In The Argonauts, Maggie Nelson describes “never having felt more pro-choice than when I was pregnant”:

And never in my life have I understood more thoroughly, and been more excited about, a life that began at conception. Feminists may never make a bumper sticker that says IT’S A CHOICE AND A CHILD but of course that’s what it is, and we know it.
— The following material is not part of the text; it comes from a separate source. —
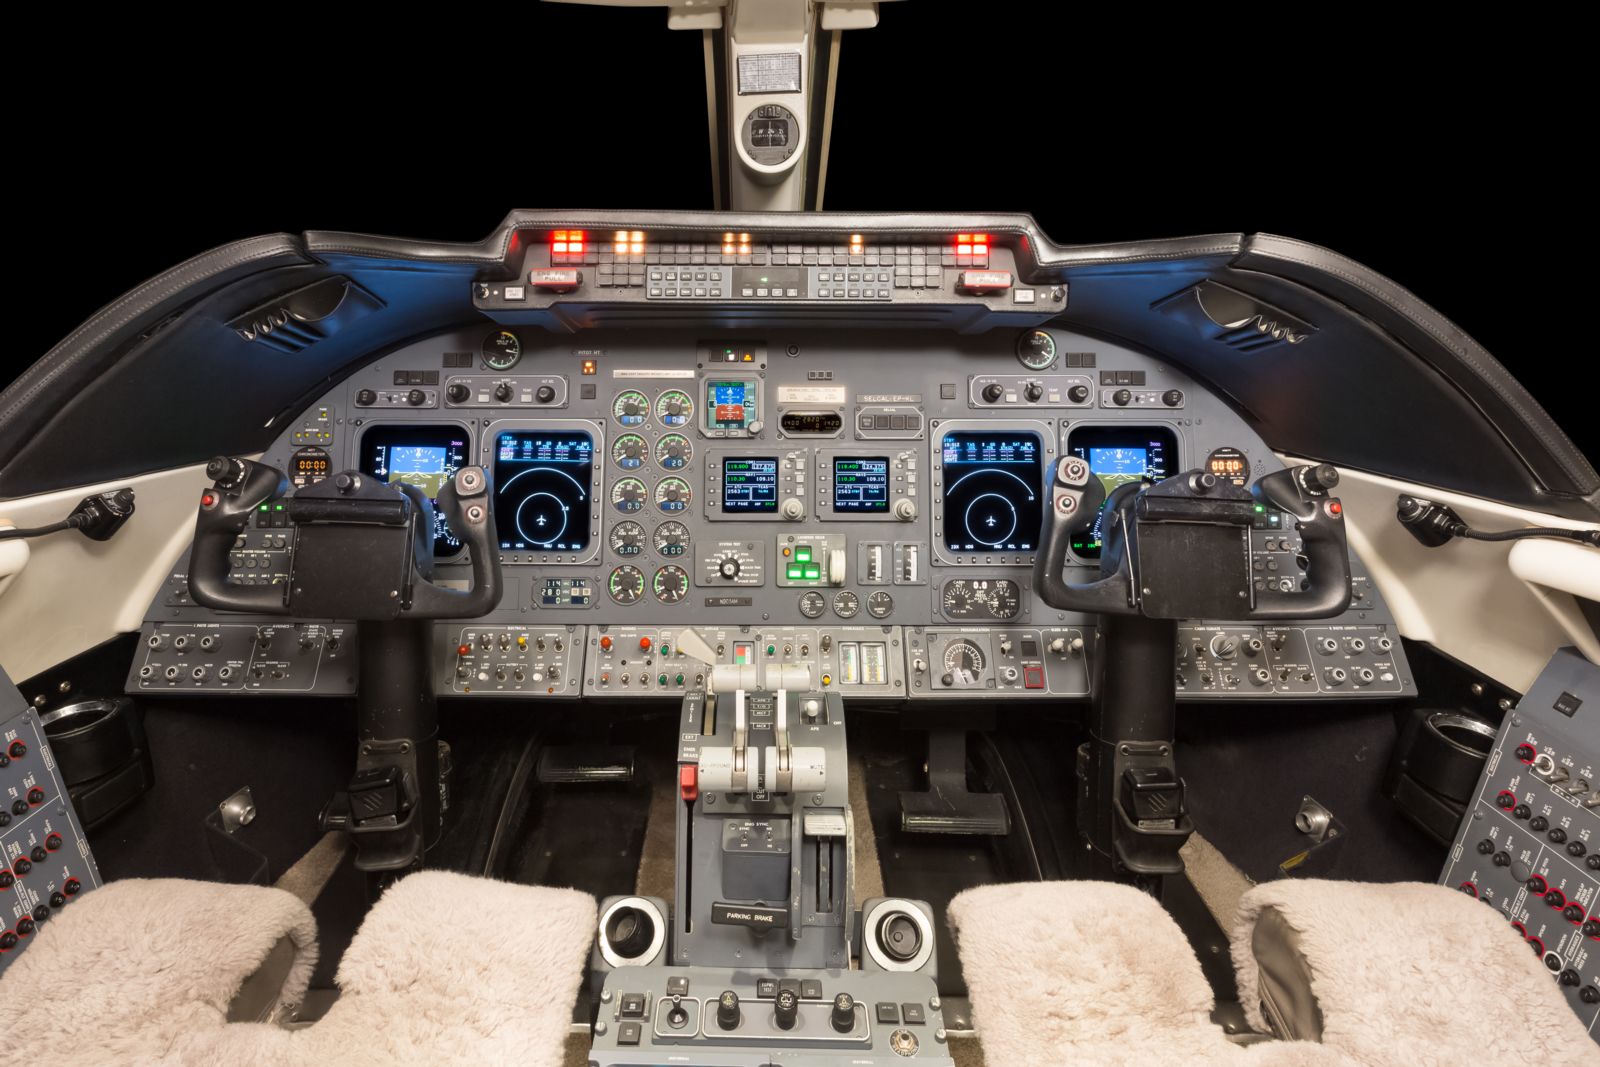 Bombardier Learjet 60  S/N 269 for sale | gallery image: /userfiles/images/Lear60_sn269/cockpit.jpg

She mentions joking with her partner “that women should get way beyond twenty weeks — maybe even up to two days after birth — to decide if they want to keep the baby. (Joke, OK)?” It’s not a joke I find particularly funny. Then again, if you’ve expressed something so politically discomforting (did she just call the foetus a child?), you might feel the need to reiterate which side you’re on.

As feminists, we are wary of doing anything that might imply our support for abortion is based on anything other than the great god of bodily autonomy. The trouble is, we end up losing sight of all other aspects of pregnancy, birth and the impact on female bodies and minds. A degree of compassion for women who kill their newborns, especially young women in desperate circumstances, should not be considered extremist, let alone approval for baby killing. One of the reasons reproductive rights matter so much is to avoid these very situations.

If Paris Mayo had killed her baby fifty or sixty years ago, I think we would see it as an indictment of the times. How could anyone let things get to that point? That is what we should be asking now. That, and is a murder conviction really justice? Or is it just piling one tragedy on top of another?